The whole listing is to be restated word for word with no images.

> Data extract
····················
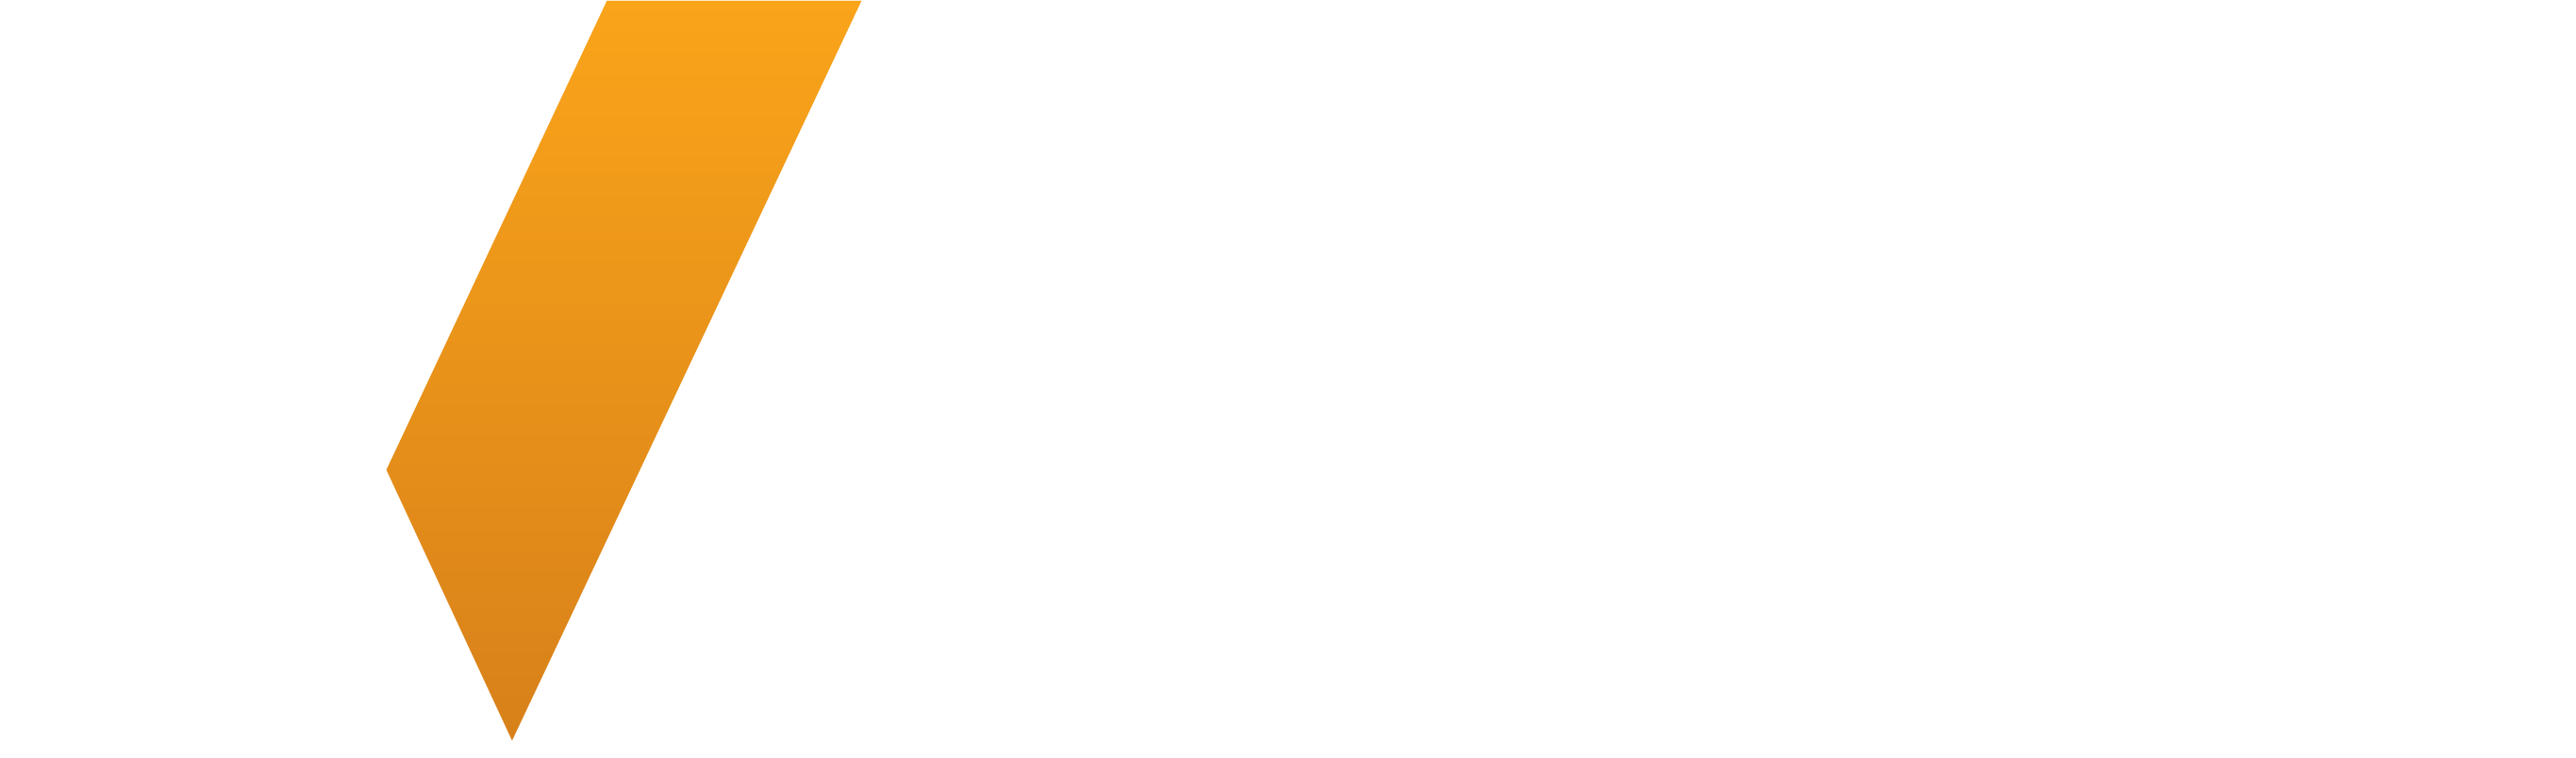 Logo Velox Branco
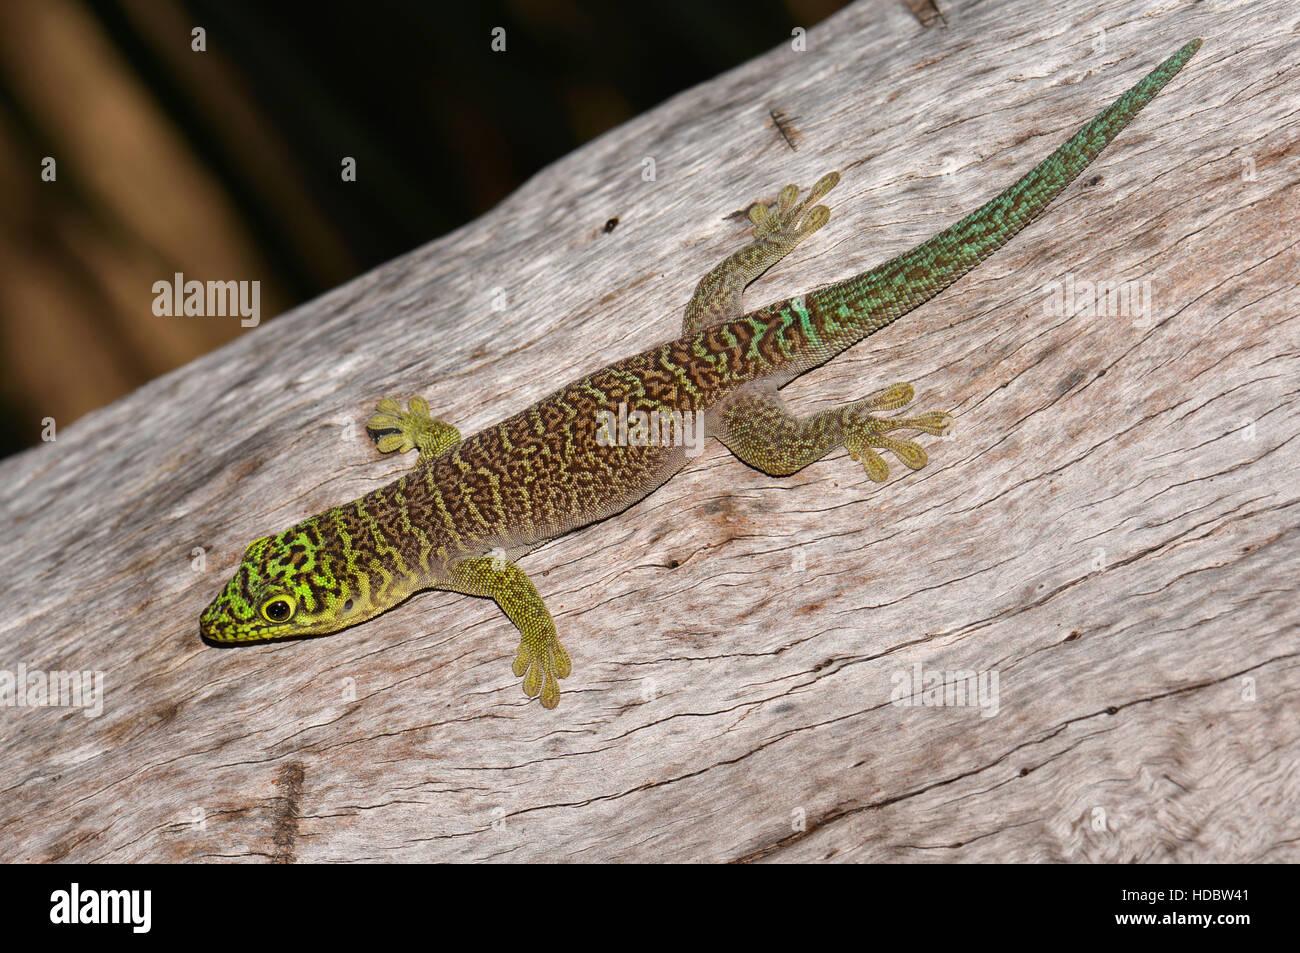 Standing's day gecko (Phelsuma standingi), Zombitse National Park, Southwest, Madagascar Stock Photo
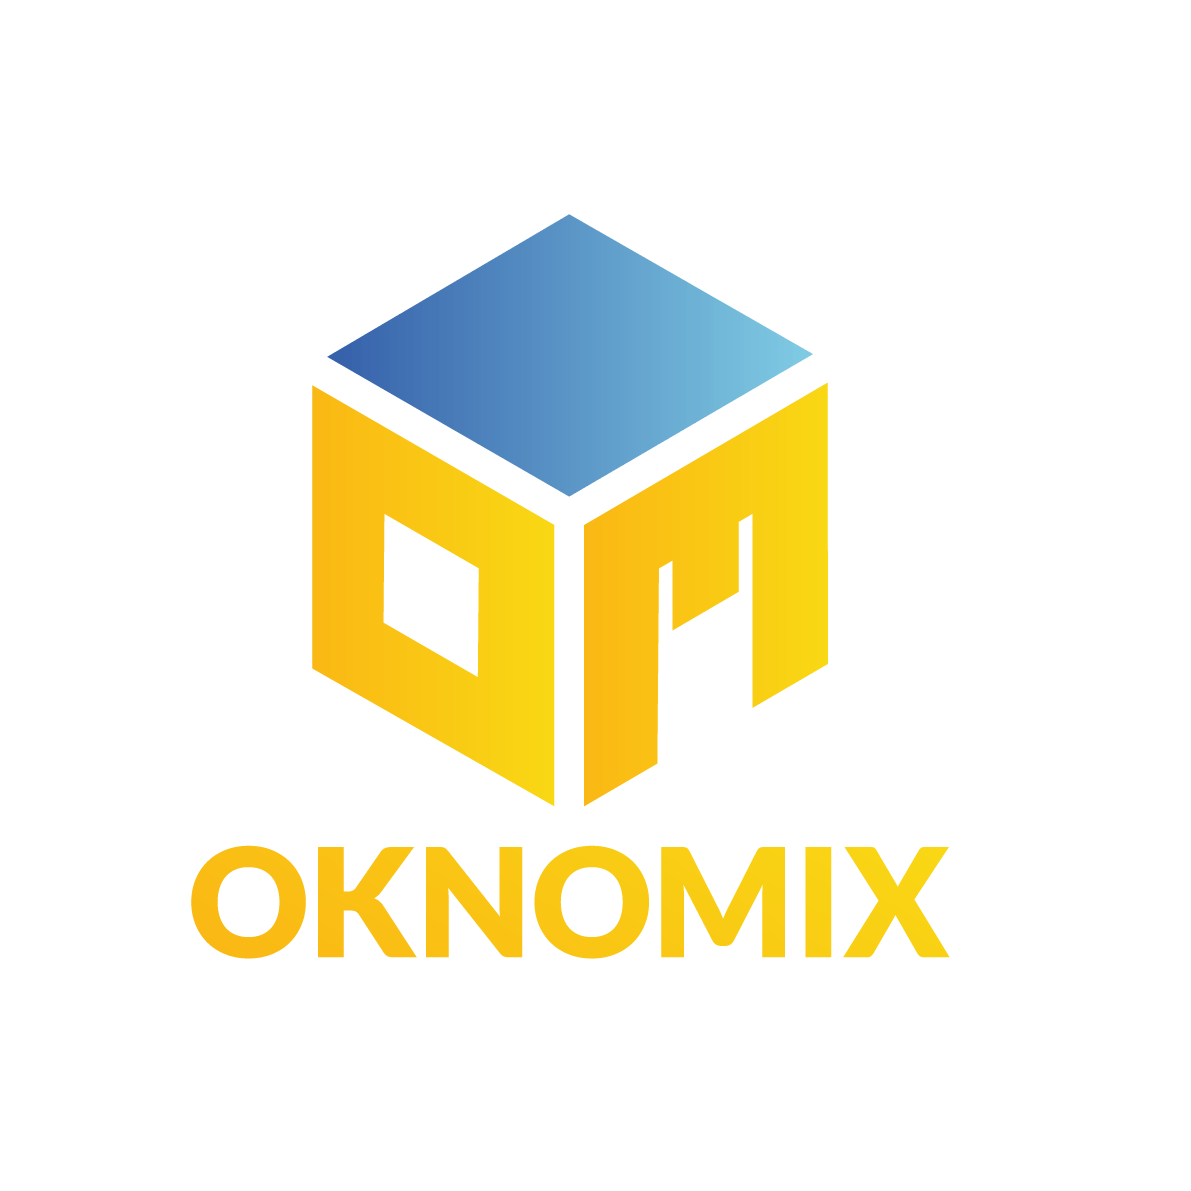 Oknomix
····················
> Problem solution
 Logo Velox Branco
 Standing's day gecko (Phelsuma standingi), Zombitse National Park, Southwest, Madagascar Stock Photo
 Oknomix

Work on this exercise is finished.